“What news?” he asked, smiling like a shark behind the mask of his face. Useful idiot. That is a phrase that will bring much laughter, in the Okhrana. He put on an attentive expression as the Kapenaar traitor spoke:
“The Clive has already turned back—multiple engine failures,” he said. “We’ll have to use the fallback with the Raffles; probably someone did a just-in-case replacement of the crankshaft lubricant at the very last moment, after our load went through. That was always a risk. Everyone does additional preventive maintenance before an important mission.”
“Which is why we have the other. Any problems aboard this ship?”

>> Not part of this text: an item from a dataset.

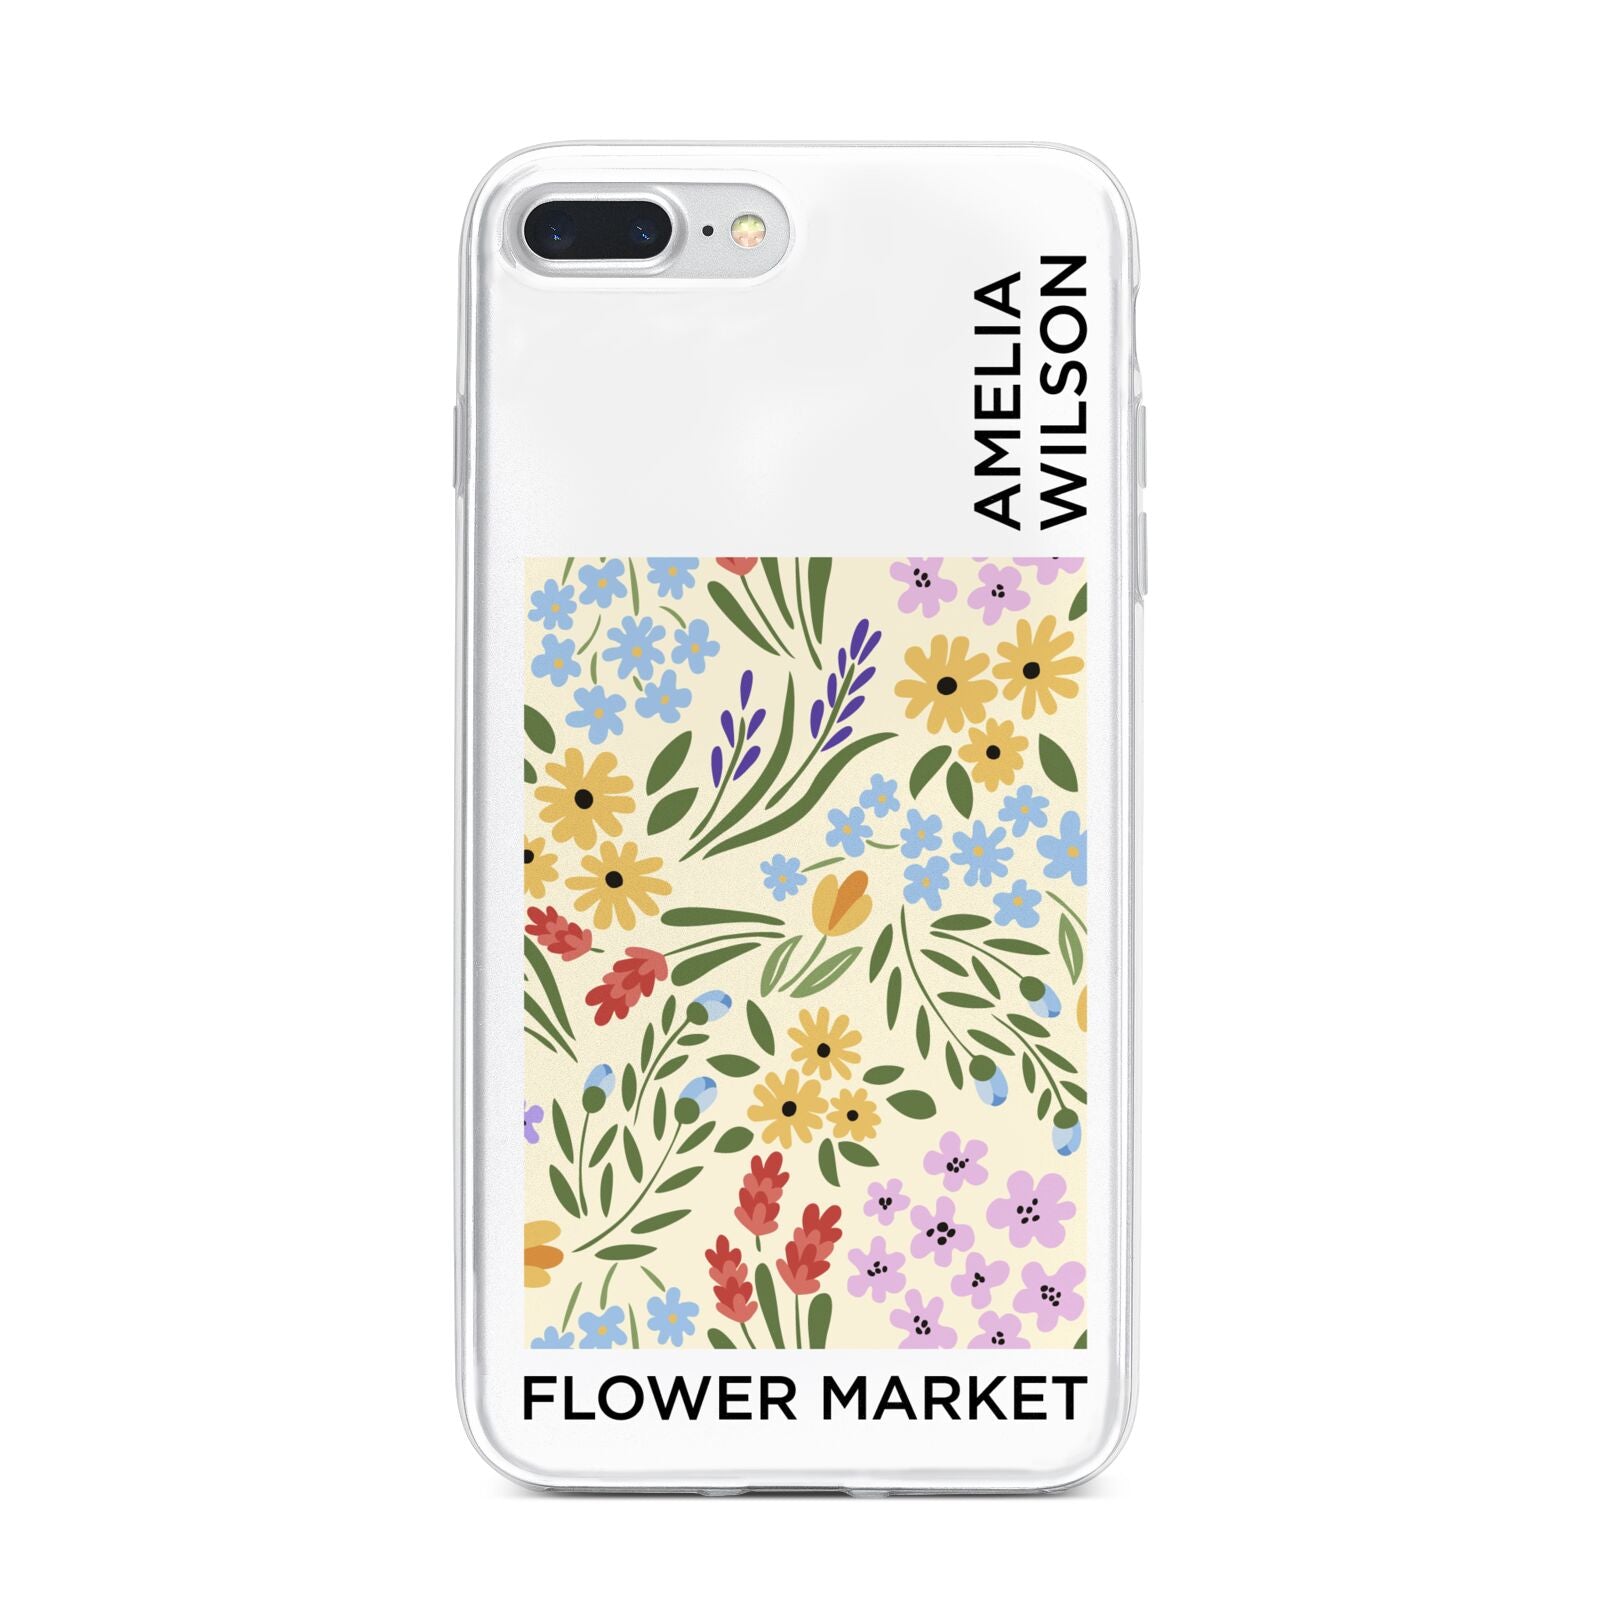 Paris Flower Market iPhone 7 Plus Bumper Case on Silver iPhone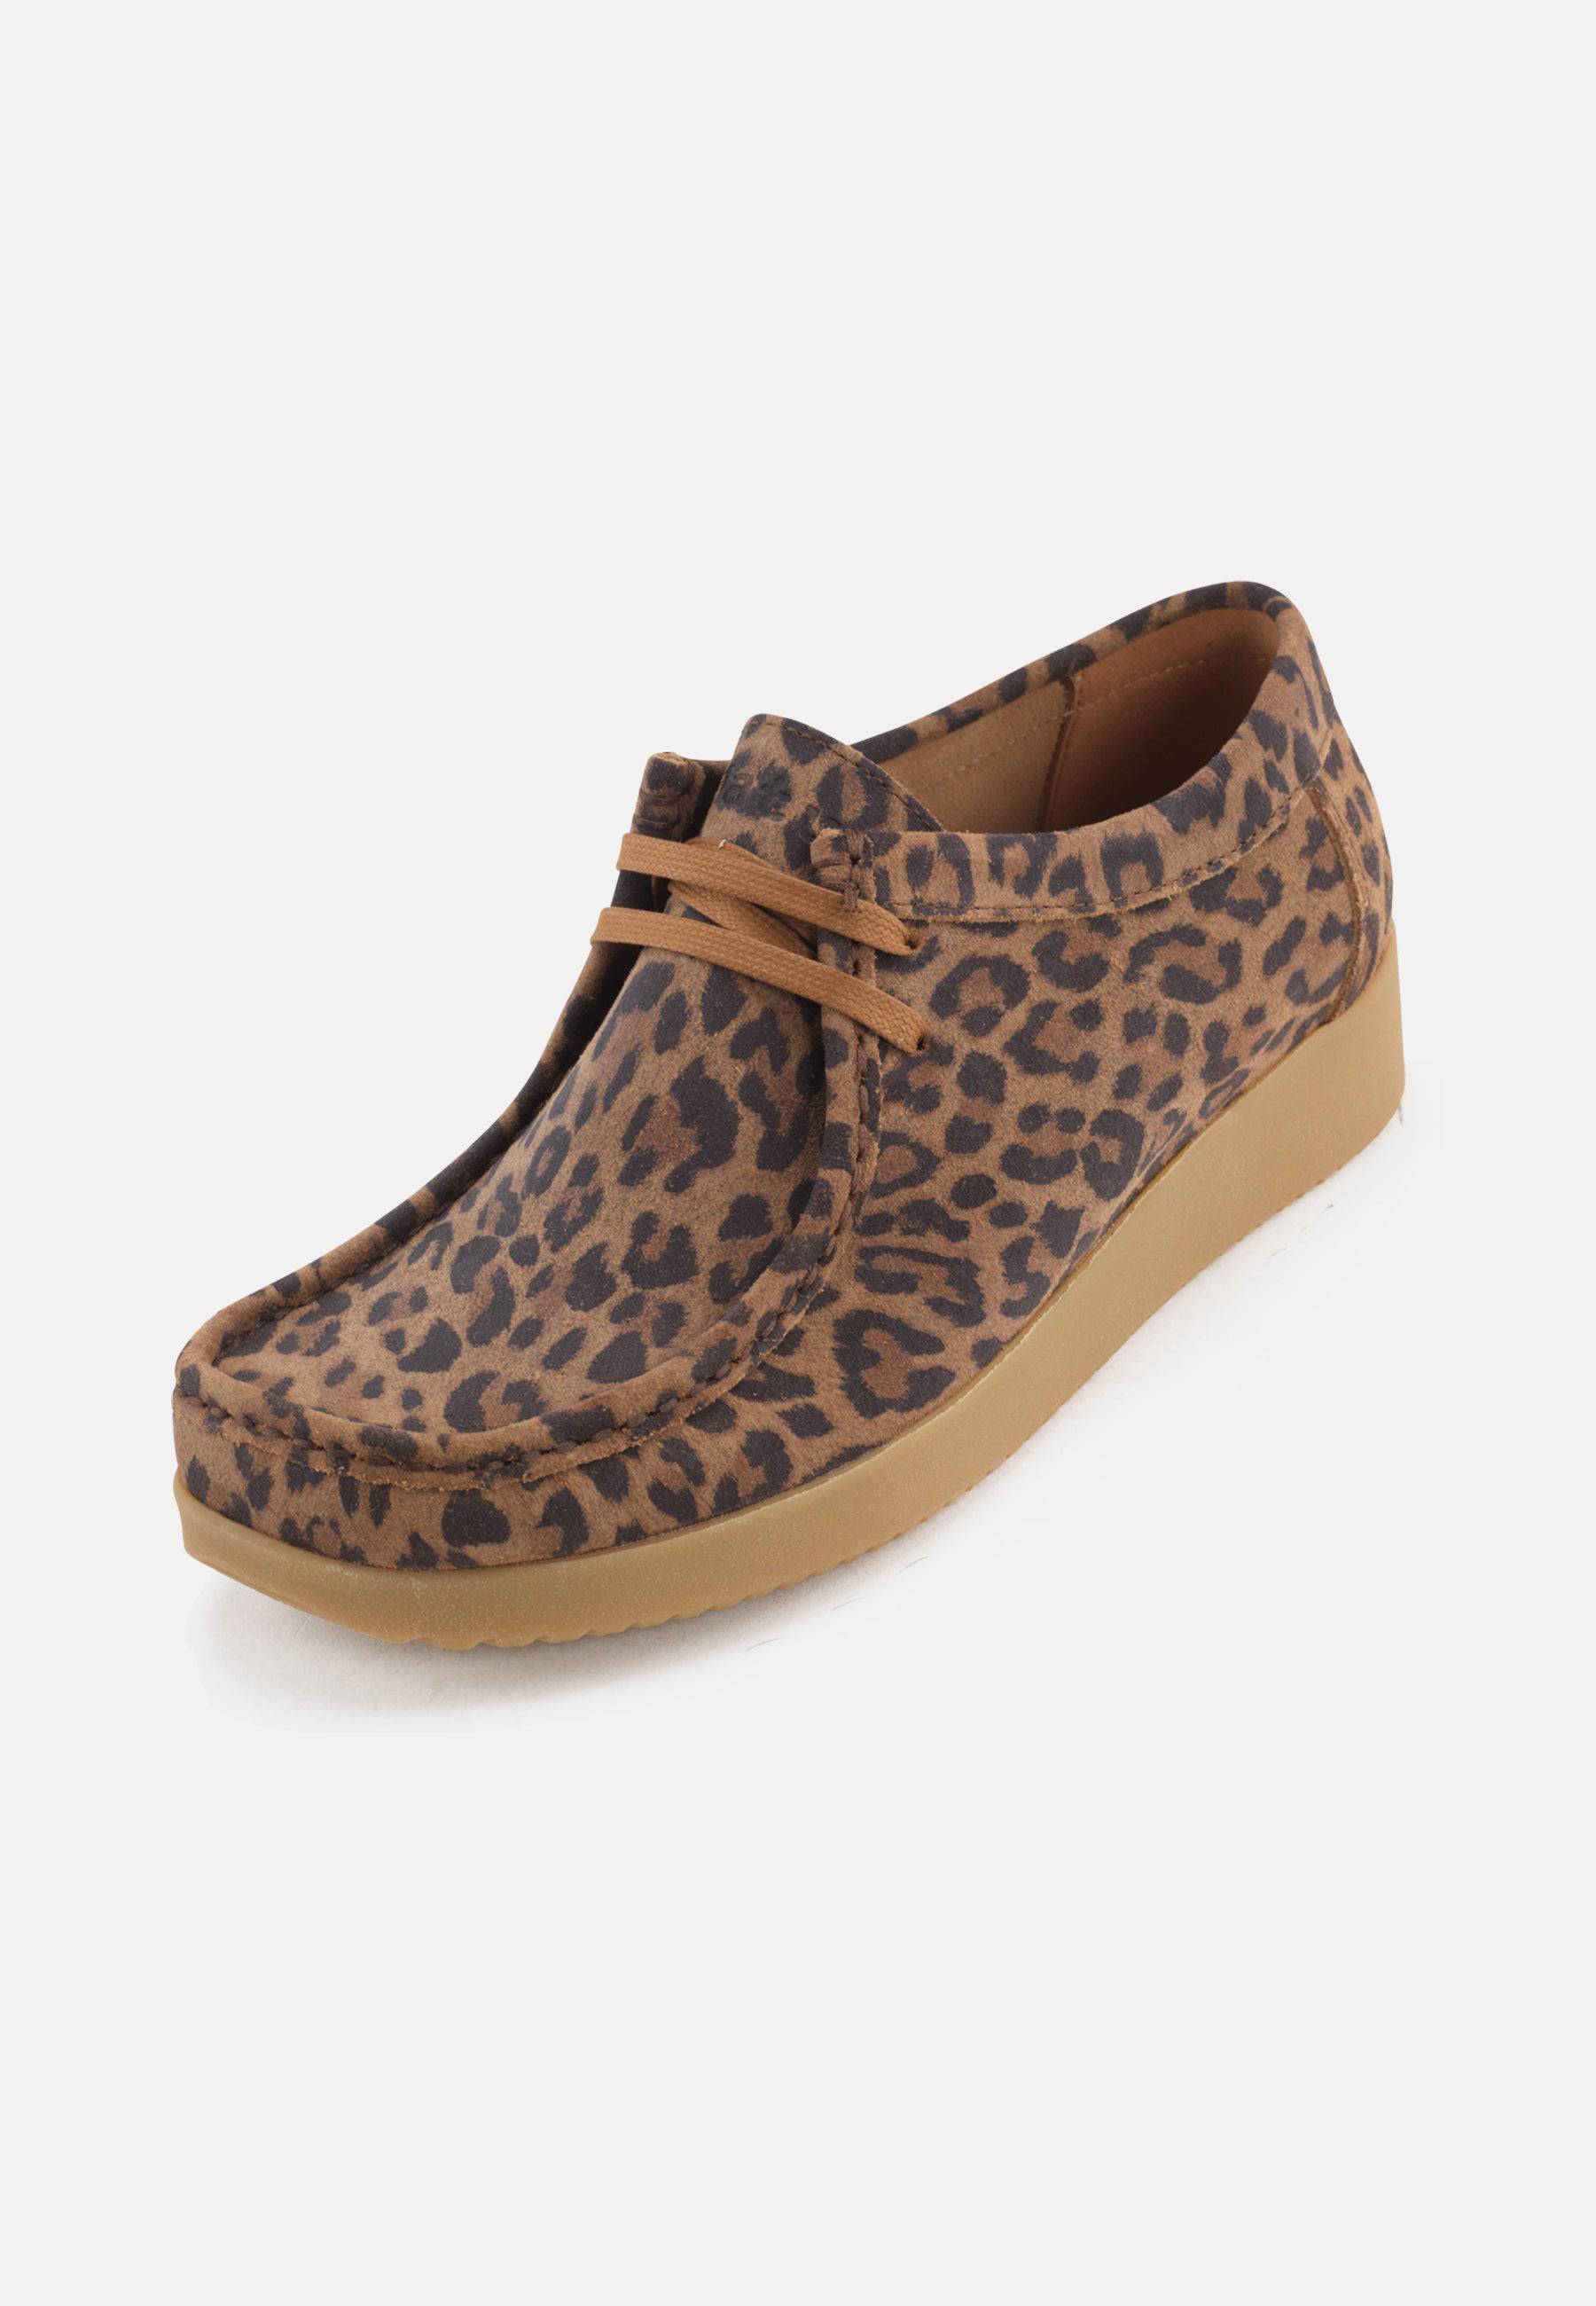 Alba Shoes Suede Print - Leopard

“Yes,” Pienaar said. “Last-minute change in personnel. My man who was to hold down the wireless transmitter was injured in a fall, and they put a damned yellow coolie from British Siam in his place.”
Ignatieff scooped up a knife from among the equipment; it was one of his favorites, double-edged and very slightly curved.
“That,” he said, visualizing the layout of the airship, “is not a problem.”
The wireless telegraph was only ten feet up this very corridor, after all.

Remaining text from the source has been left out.